### Requirement
The lines to copy run from the one containing "Bold and dazzling" to the very end of the records; give them exactly, and only them, without pictures.

### Extracted records
"""

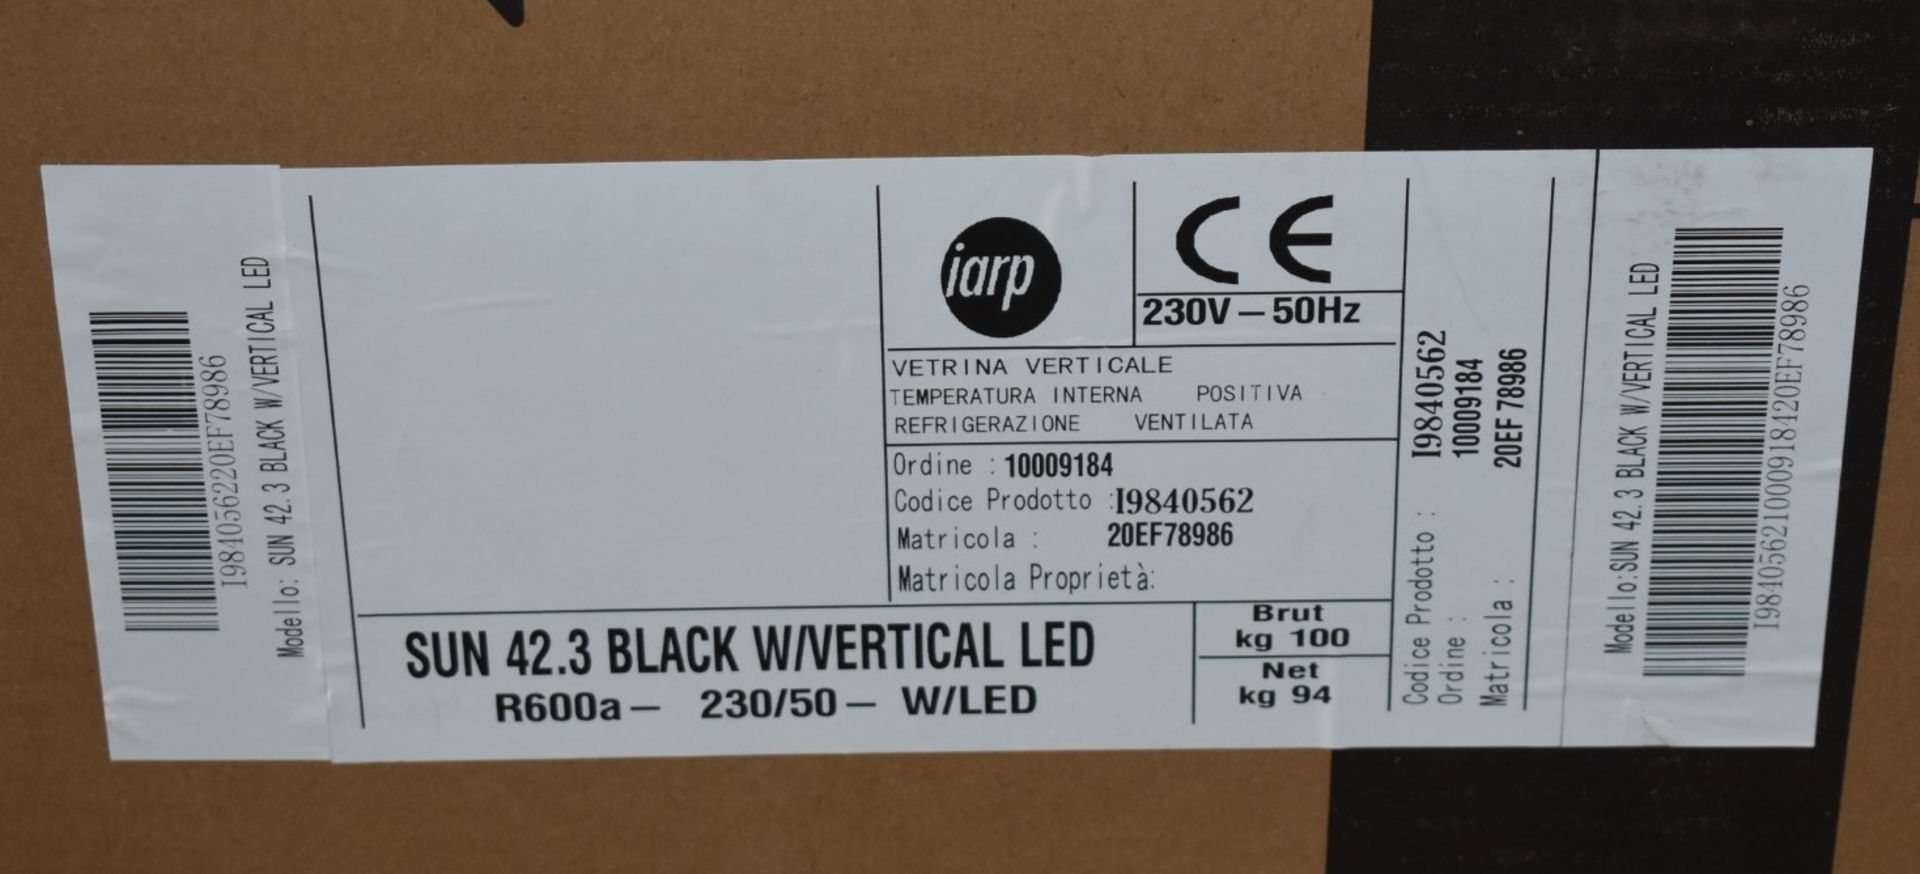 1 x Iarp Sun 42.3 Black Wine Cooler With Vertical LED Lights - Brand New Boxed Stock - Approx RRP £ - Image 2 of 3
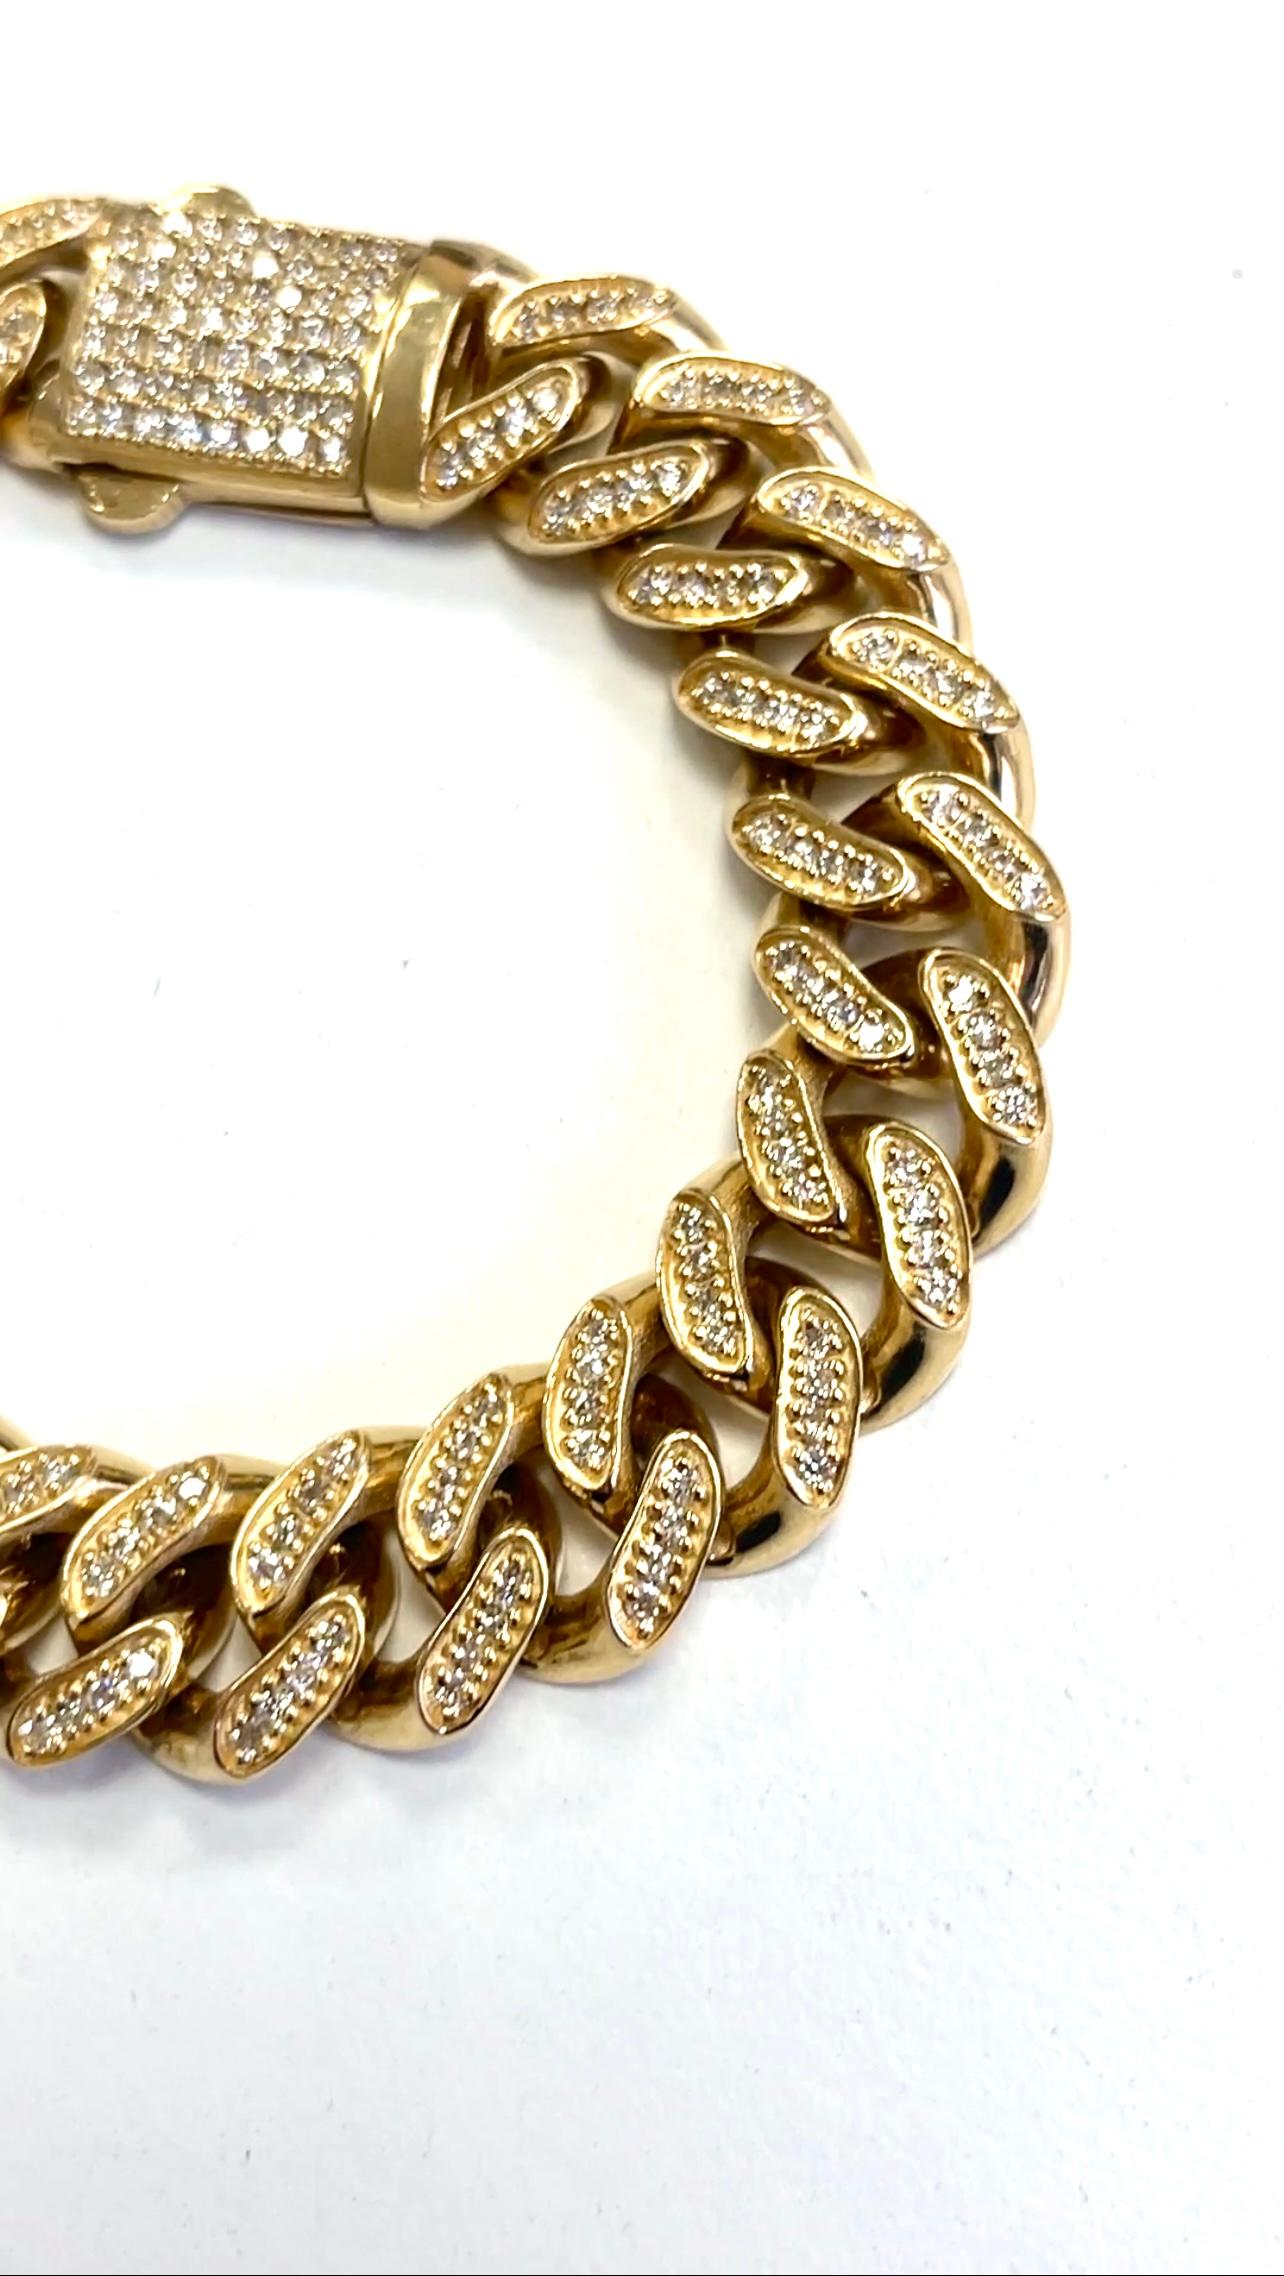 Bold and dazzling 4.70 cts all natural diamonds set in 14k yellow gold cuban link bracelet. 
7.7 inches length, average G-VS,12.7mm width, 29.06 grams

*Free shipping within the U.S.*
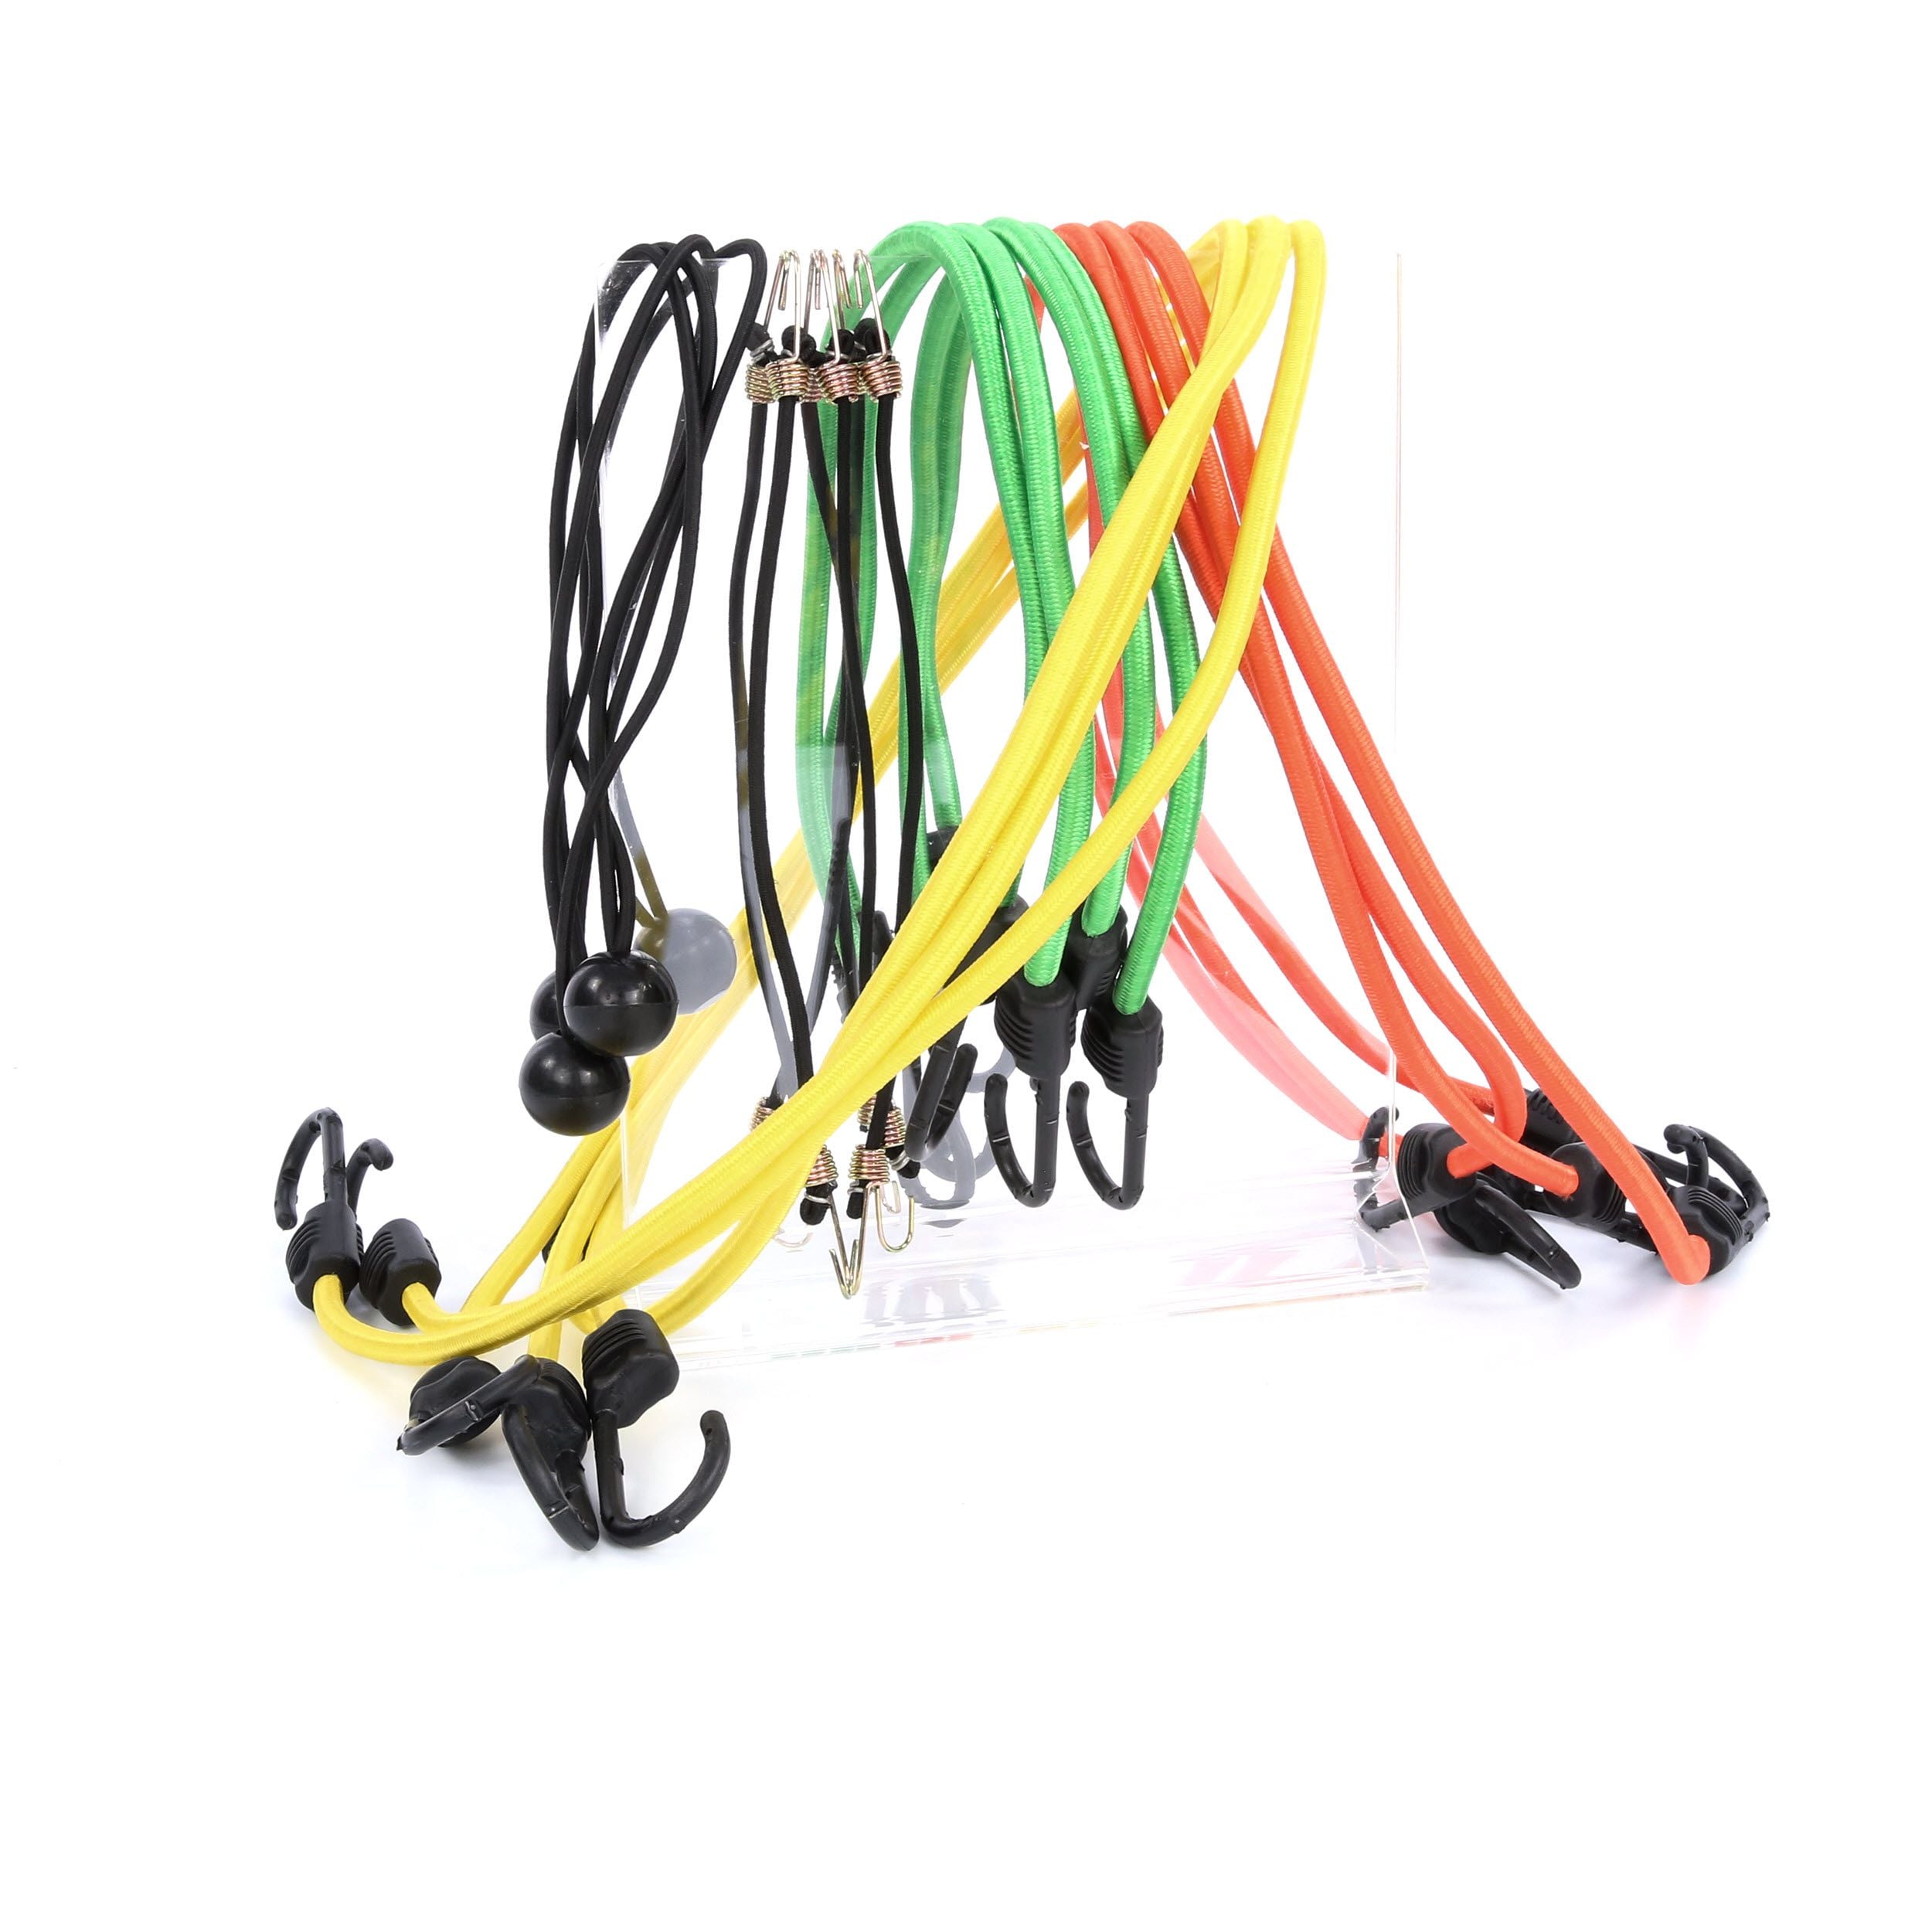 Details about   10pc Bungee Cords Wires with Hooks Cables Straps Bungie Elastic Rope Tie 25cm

"""

### Written answer
 Bold and dazzling 4.70 cts all natural diamonds set in 14k yellow gold cuban link bracelet. 
7.7 inches length, average G-VS,12.7mm width, 29.06 grams

*Free shipping within the U.S.*
 Details about   10pc Bungee Cords Wires with Hooks Cables Straps Bungie Elastic Rope Tie 25cm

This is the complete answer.